RAW DATA ::
════════════════════

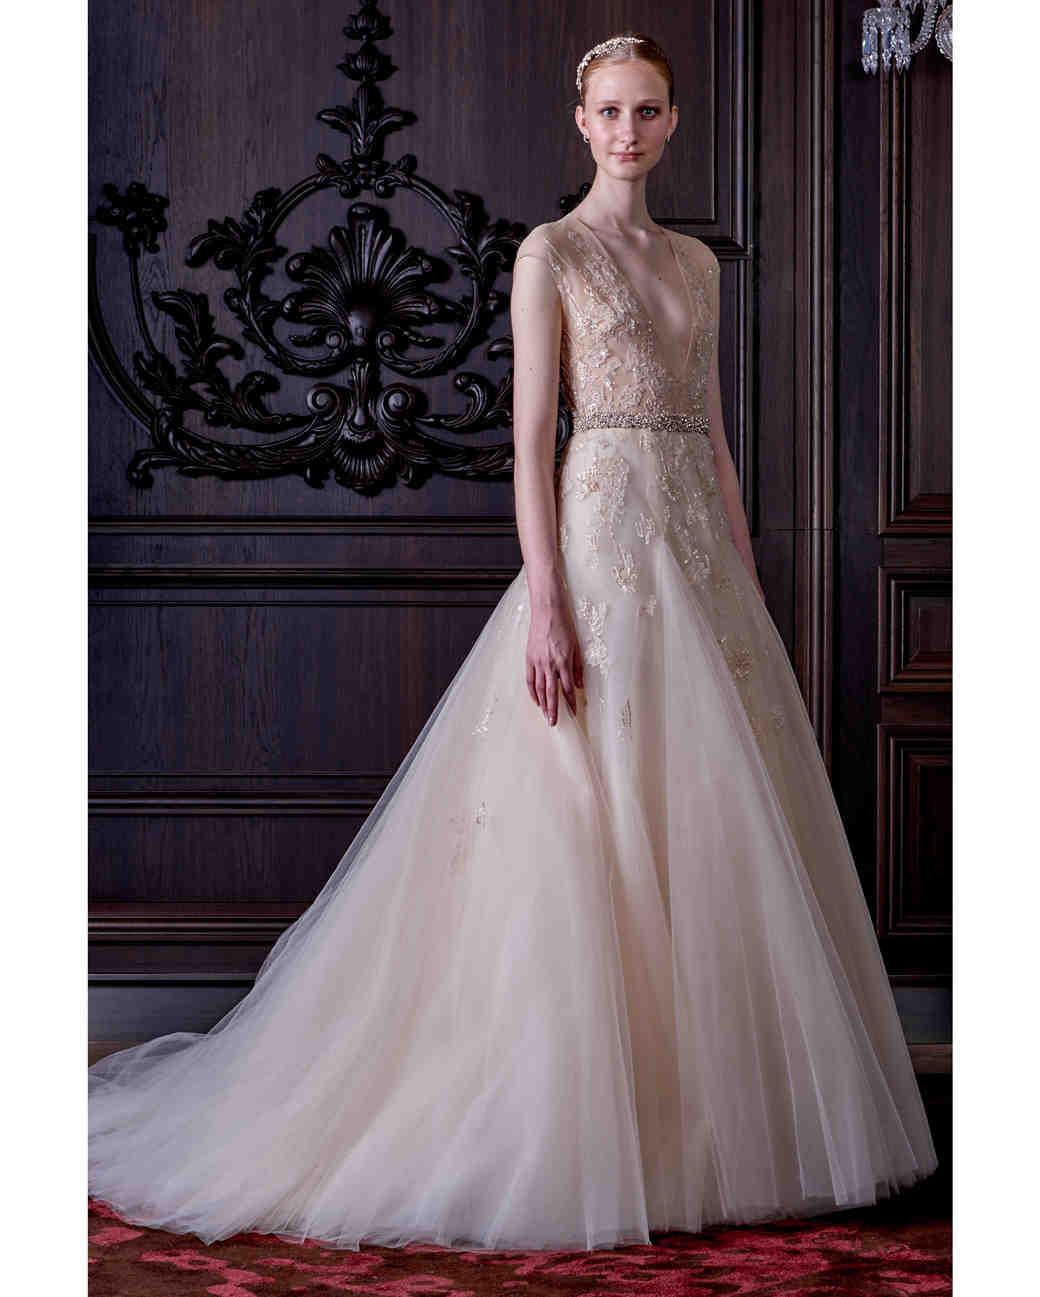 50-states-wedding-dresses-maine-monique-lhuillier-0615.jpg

════════════════════

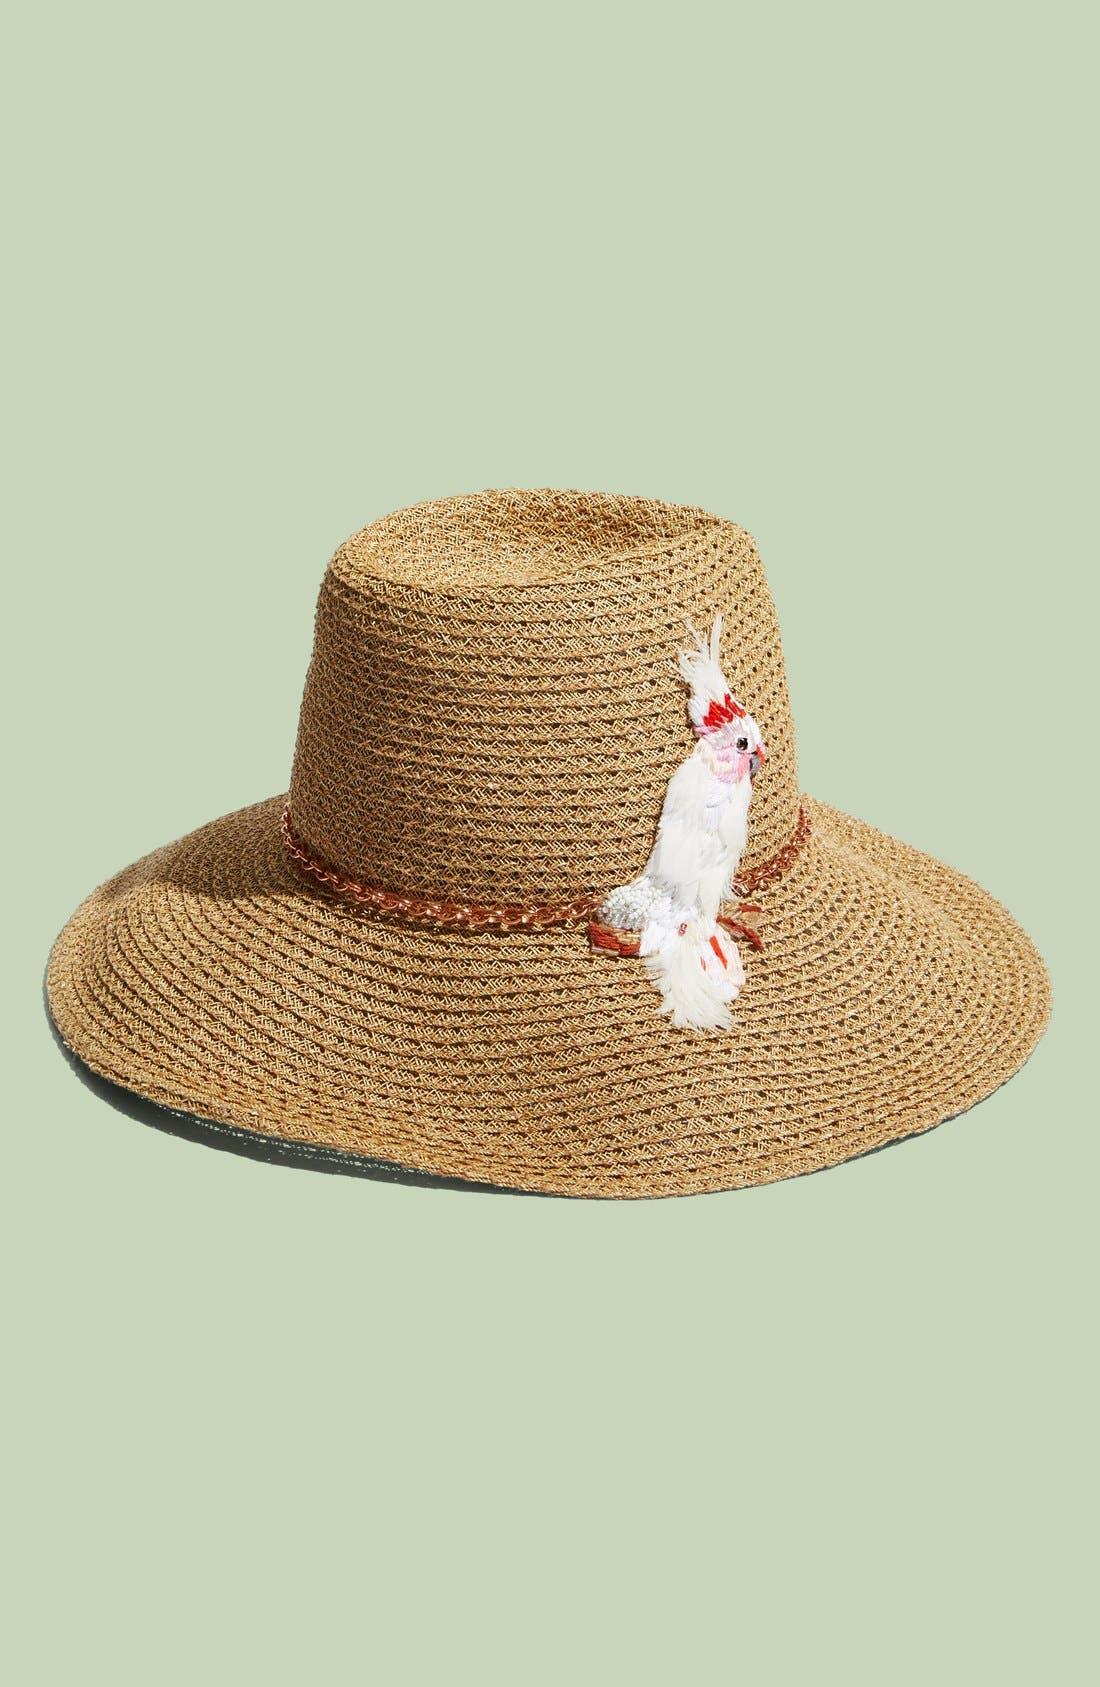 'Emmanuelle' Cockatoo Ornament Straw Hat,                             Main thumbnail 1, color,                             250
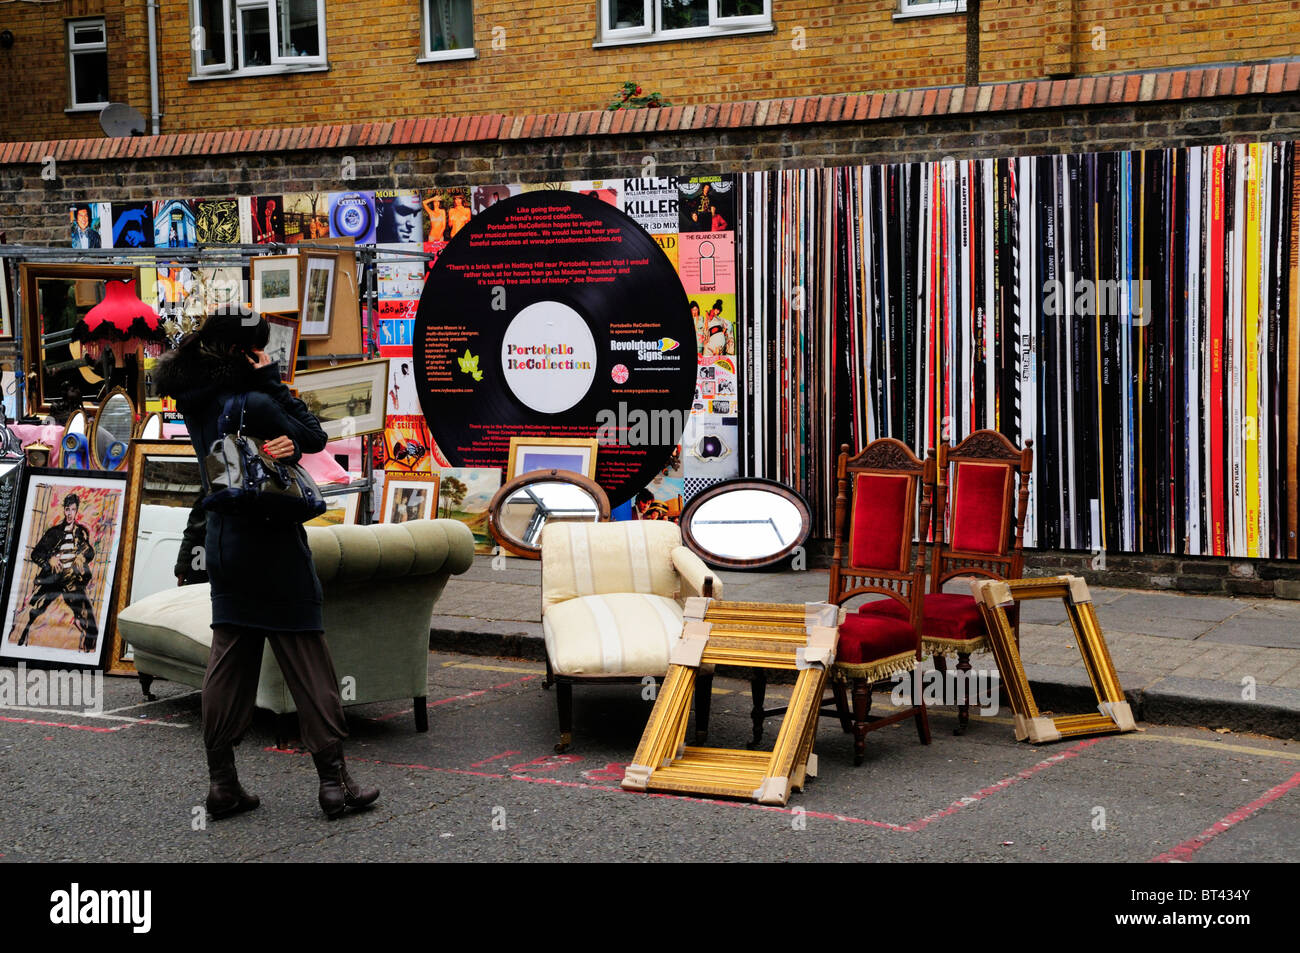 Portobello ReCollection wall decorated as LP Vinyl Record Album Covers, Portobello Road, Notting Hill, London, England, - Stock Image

════════════════════

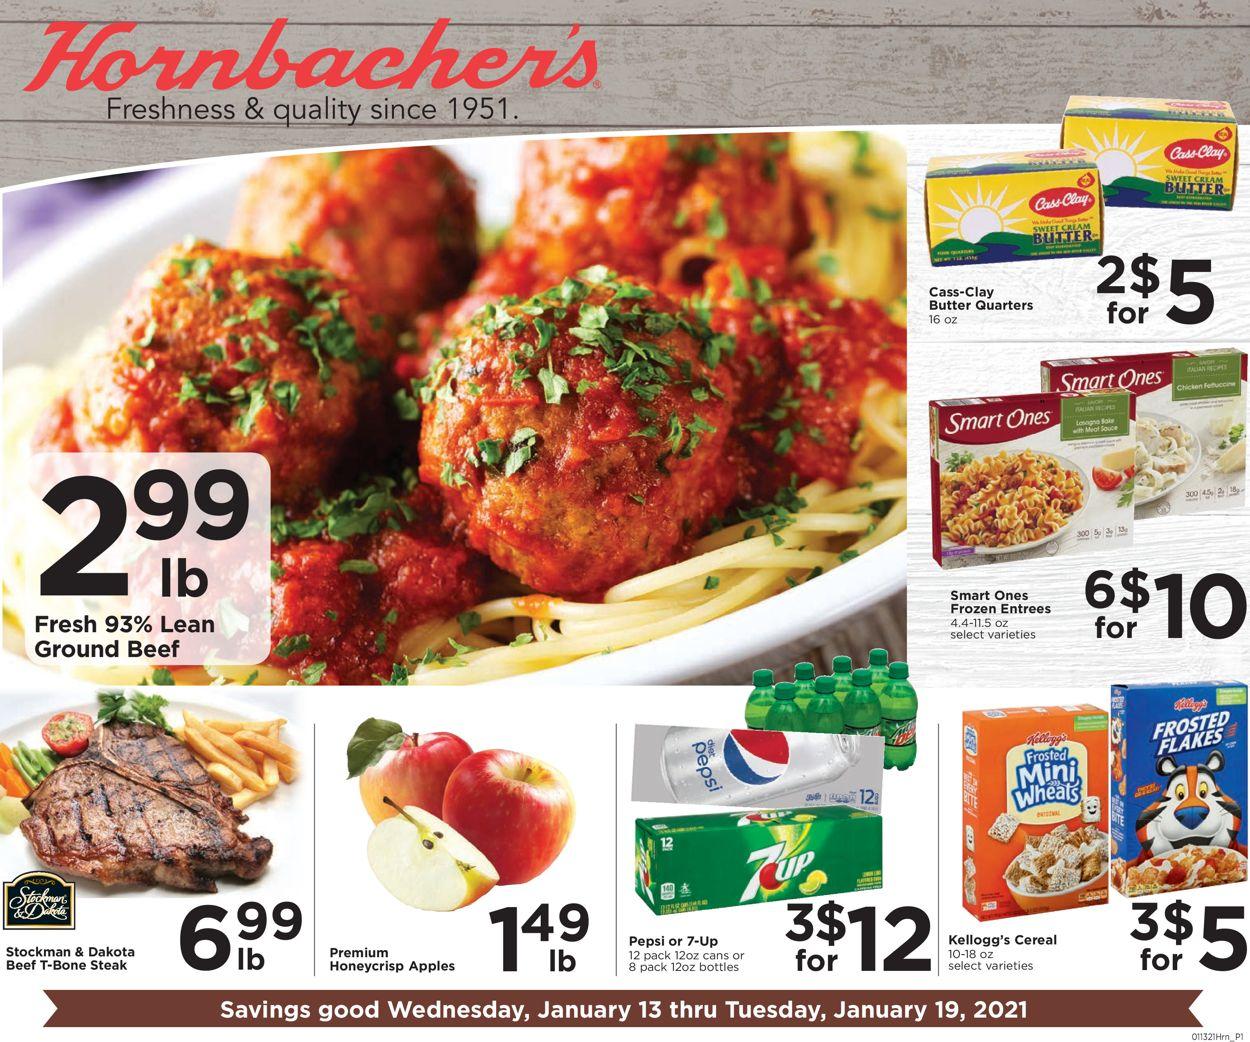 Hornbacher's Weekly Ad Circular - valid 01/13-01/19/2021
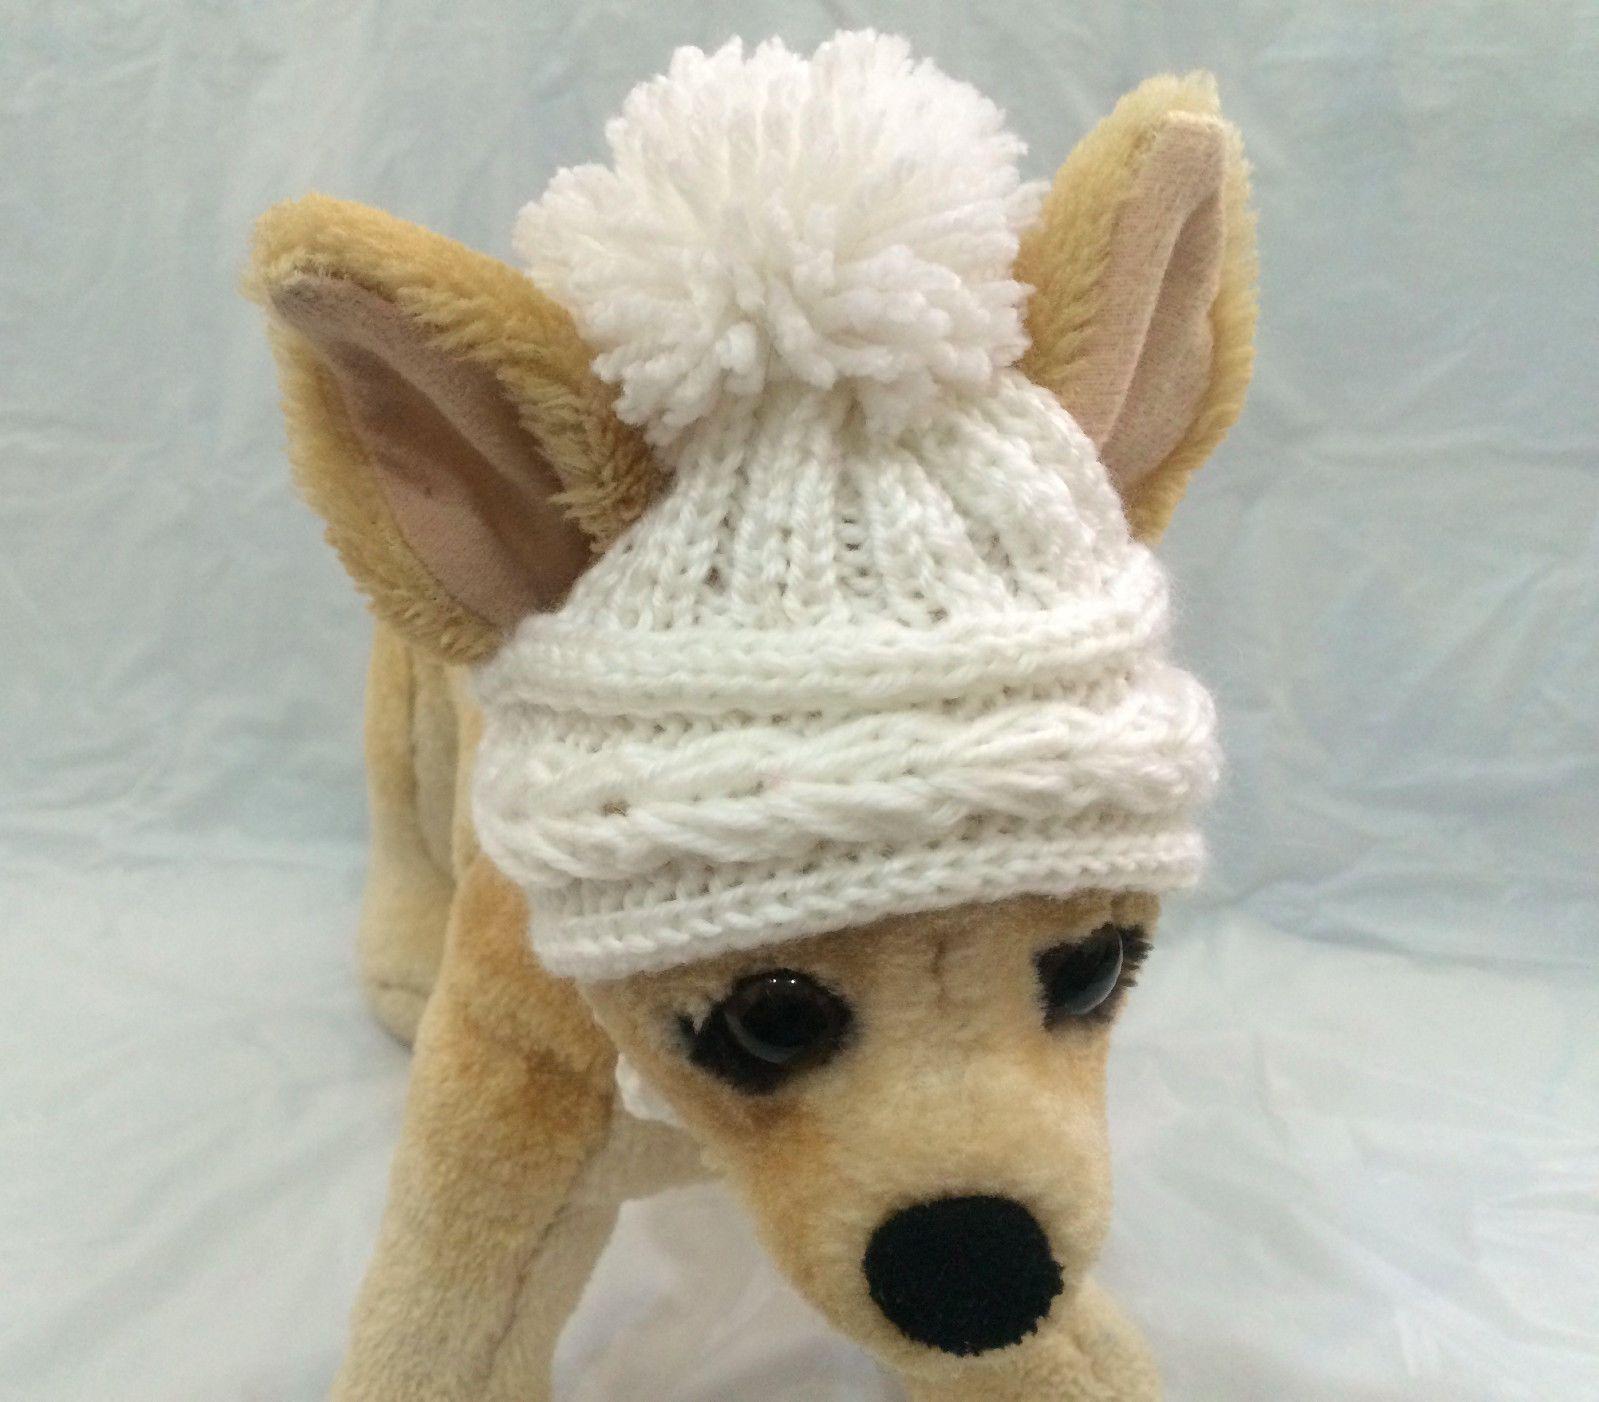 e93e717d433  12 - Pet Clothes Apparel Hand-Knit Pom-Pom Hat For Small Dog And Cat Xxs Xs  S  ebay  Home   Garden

════════════════════

EXERCISE INSTRUCTIONS :: Above are records; repeat only the lines from the line with "Cockatoo Ornament Straw" through the line with "Portobello ReCollection wall", and leave pictures out.

TASK RESPONSE ::
 'Emmanuelle' Cockatoo Ornament Straw Hat,                             Main thumbnail 1, color,                             250
 Portobello ReCollection wall decorated as LP Vinyl Record Album Covers, Portobello Road, Notting Hill, London, England, - Stock Image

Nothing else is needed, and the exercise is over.